It was expected that participant imitation performances would replicate specific timing and dynamics features used by the Bayesian classifiers to distinguish expressive style and skill level more accurately in the high-level condition than in the low-level or control conditions. Additionally, a lower overall root-mean-square (RMS) error for both timing and dynamics was expected in the high-level condition than in the low-level condition, due to a reduced cognitive load. Finally, an increased rate of improvement across trials was expected in the high-level feedback condition relative to the other two conditions.

Methods

Participants

The participants in the study were 18 conservatory-level percussion students, 12 from the Royal Music Conservatory in The Hague, Netherlands, and 6 from the Music Conservatory of Utrecht. They had an average age of 22.4, and an average of 11.8 years of experience playing drums. The average amount of practicing time per week was 13.2 h, while the average amount of total playing time was 15.6 h.

Materials

A percussion instructor from the Amsterdam Conservatory assisted in selecting two standard beat patterns for the experiment: 8th note and 16th note. In addition, he chose three common expressive styles: on-the-beat, laid-back, and rushed. Notation of the materials was provided by the instructor, and is shown in Fig. 1. While expressive timing is not explicitly annotated in the musical scores, a lengthening of intervals containing accented notes consistent with previous observations (Semjen & Garcia-Colera, 1986; Dahl, 2000) was found (see Fig. 6). Using the experimental setup described below, the instructor recorded each pattern (repeated 36 times) in each of the three styles, making for a total of six different performances.

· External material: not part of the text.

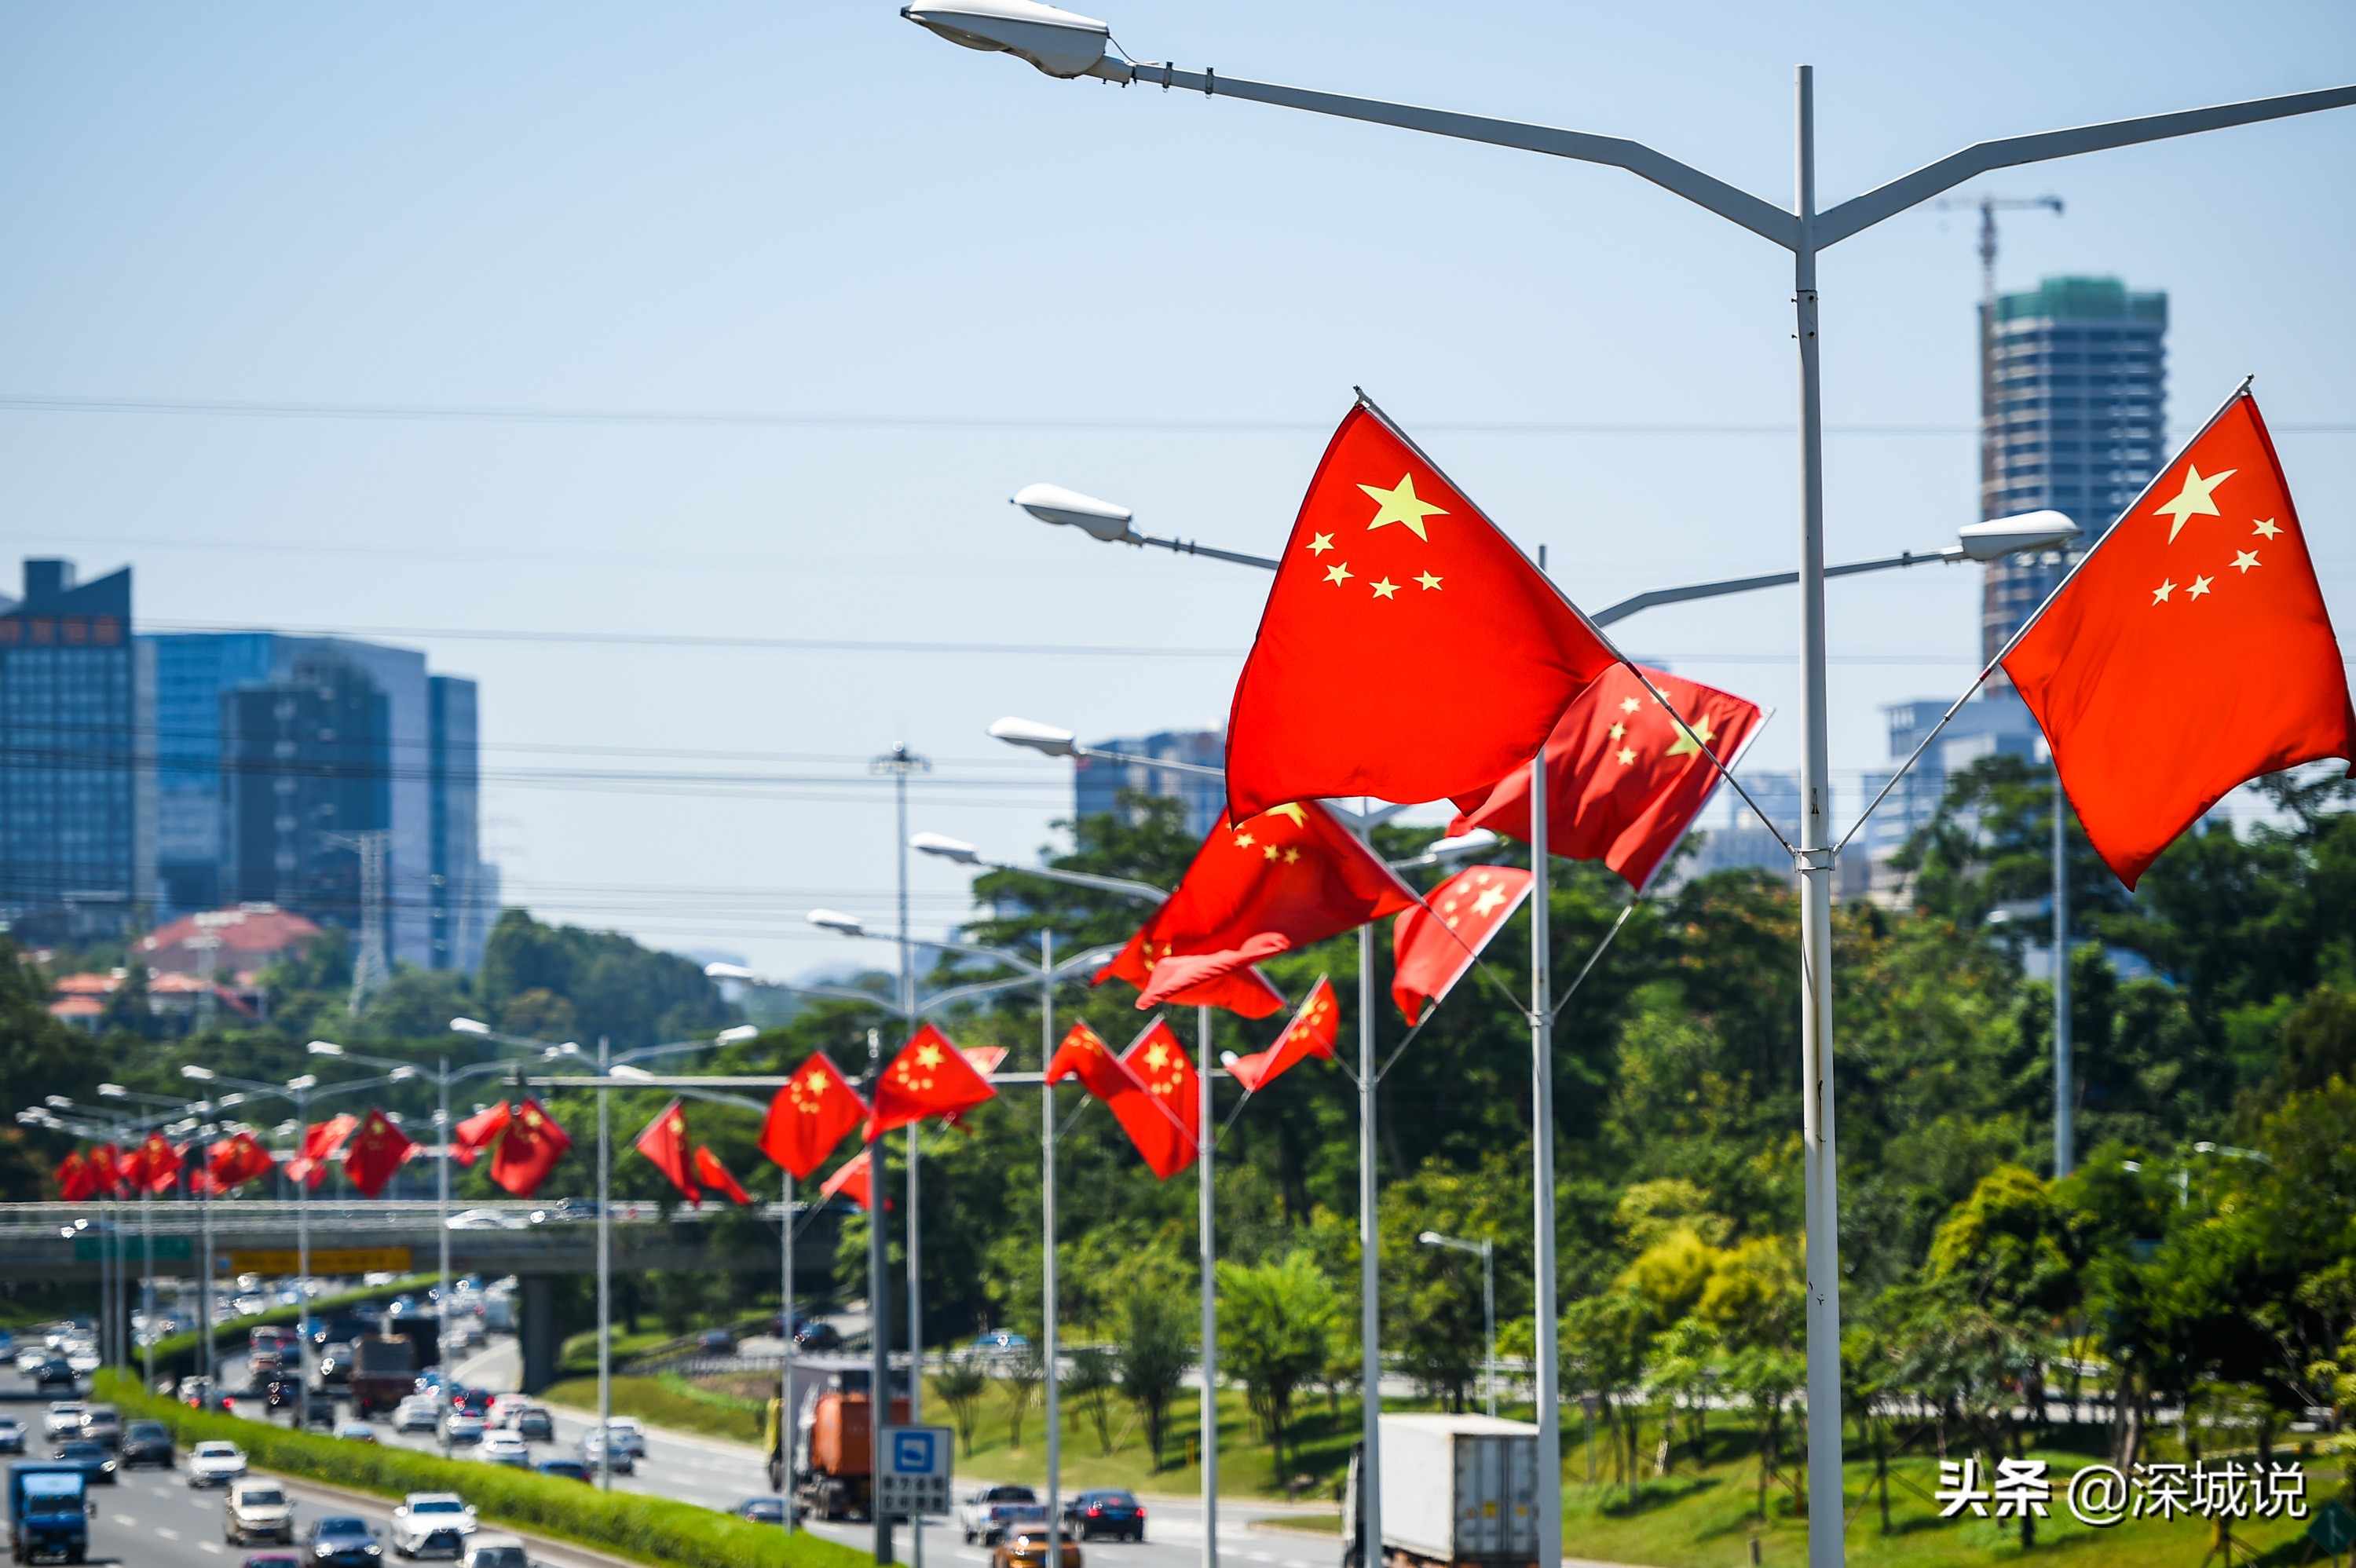 1/12国庆即将到来,近日,不少市民发现,深圳部分主干道又挂上了国旗.

One novice percussionist (the first author) with less than 3 months experience playing drums (8 years of formal music instruction) also recorded 36 repetitions of both the 8th-note and 16th-note on-the-beat patterns. The repetitions of the instructor and the novice performances were then analyzed using the methods described in the Appendix, and a set of features was selected for use in generating the high-level feedback. From each of the instructor performances, one repetition was selected, looped for four bars, and presented as a target during the experimental trials. More details on the materials, including mean timing and dynamics profiles for the instructor performances, can be found in the Appendix.

Procedure

Before the test began, the participant was provided a set of instructions describing the experimental task, the visual feedback, and the target materials, and was allowed to ask the experimenter questions throughout the instruction period. The participant also saw examples of visual feedback, heard the target materials, and practiced the task using a beat pattern (simple quarter-note) not included in the actual experiment. Once this was completed, the experiment began.

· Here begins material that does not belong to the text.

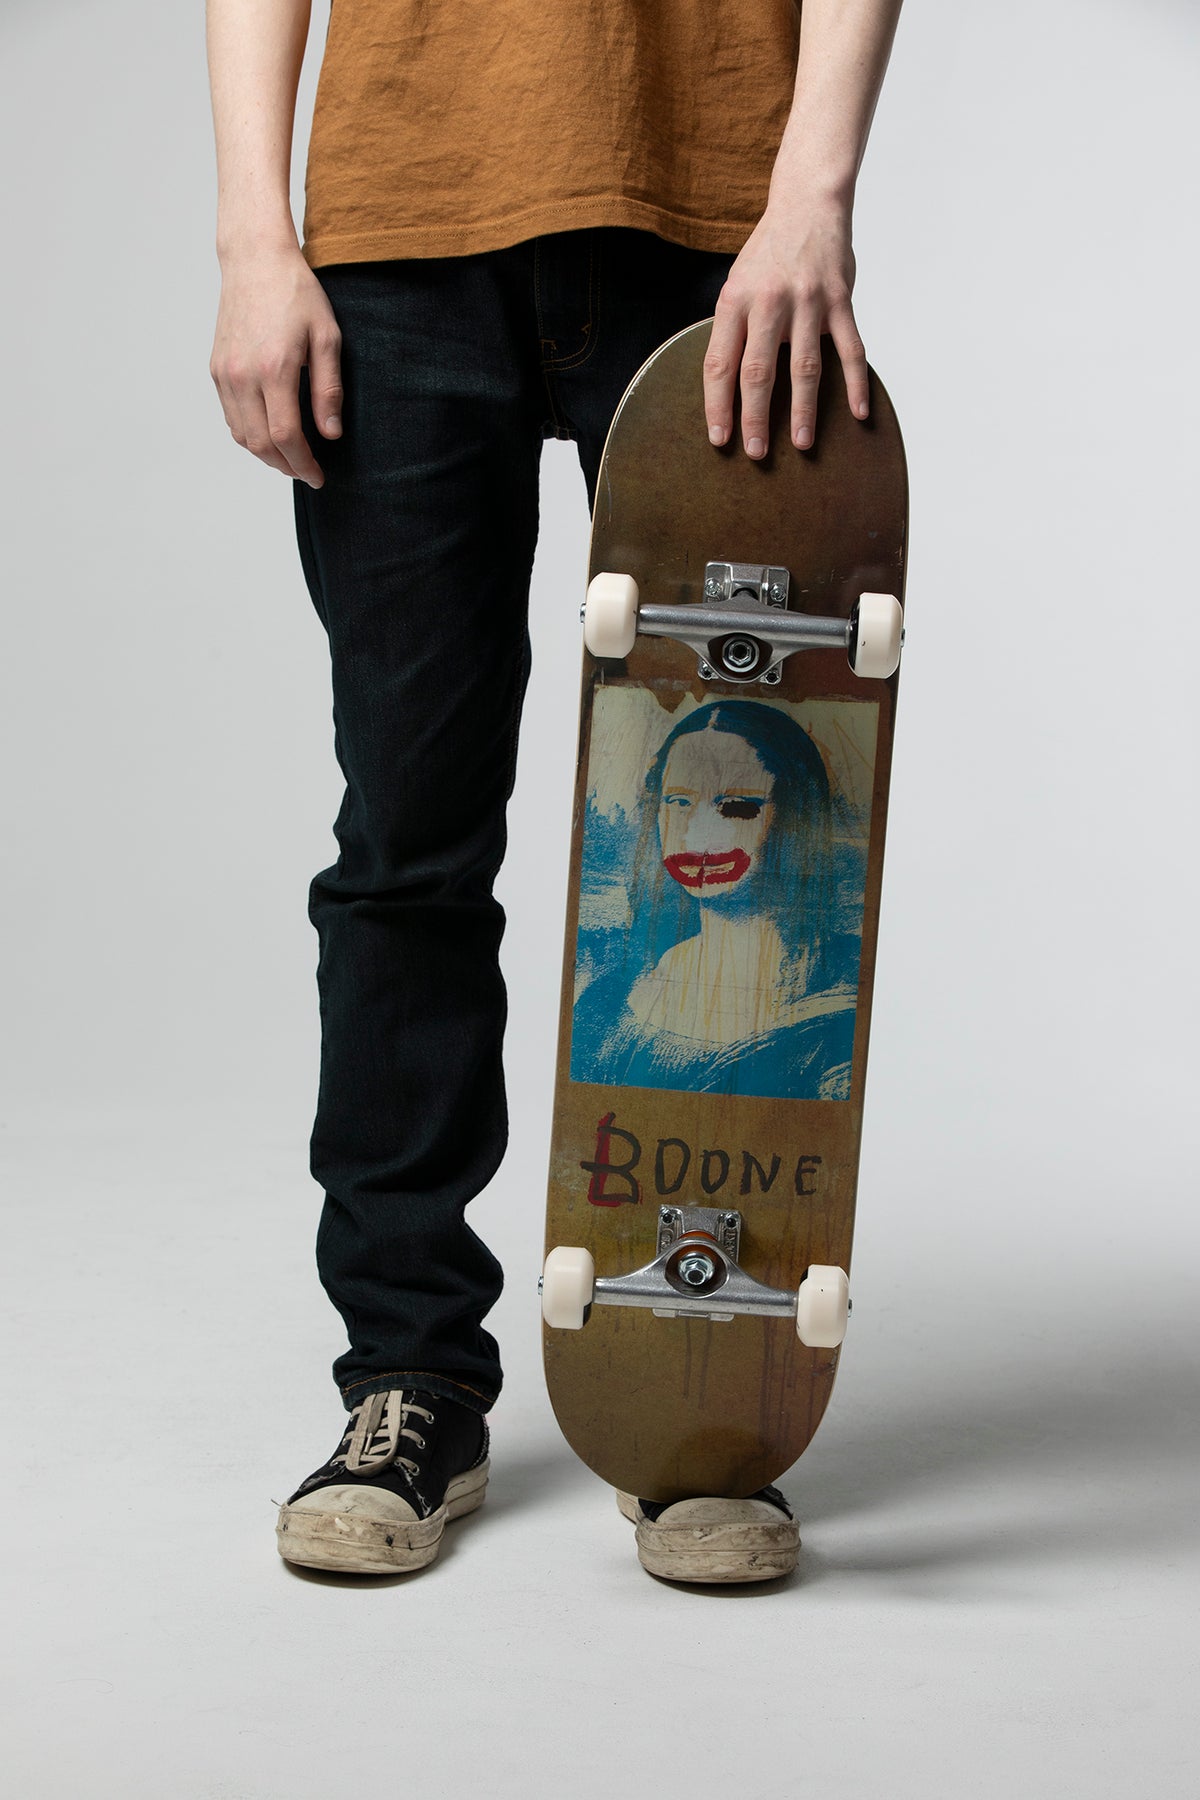 Basquiat "Boone" Skateboard

During each trial, the participants were first asked to listen carefully to the target performance. They were then asked to imitate the target performance as precisely as possible. A within-participant design was used, and the experiment was divided into three blocks, with short breaks between them. In each block there was a different visual feedback condition: low level, high level, or control (no RTVFB). Only one of the three expressive styles was performed in each block, with the 8th-note pattern always being played first, and the 16th-note pattern coming second. This means that, for individual participants, each expressive style was paired with one of the visual feedback conditions in a randomized, counterbalanced design requiring groups of nine participants.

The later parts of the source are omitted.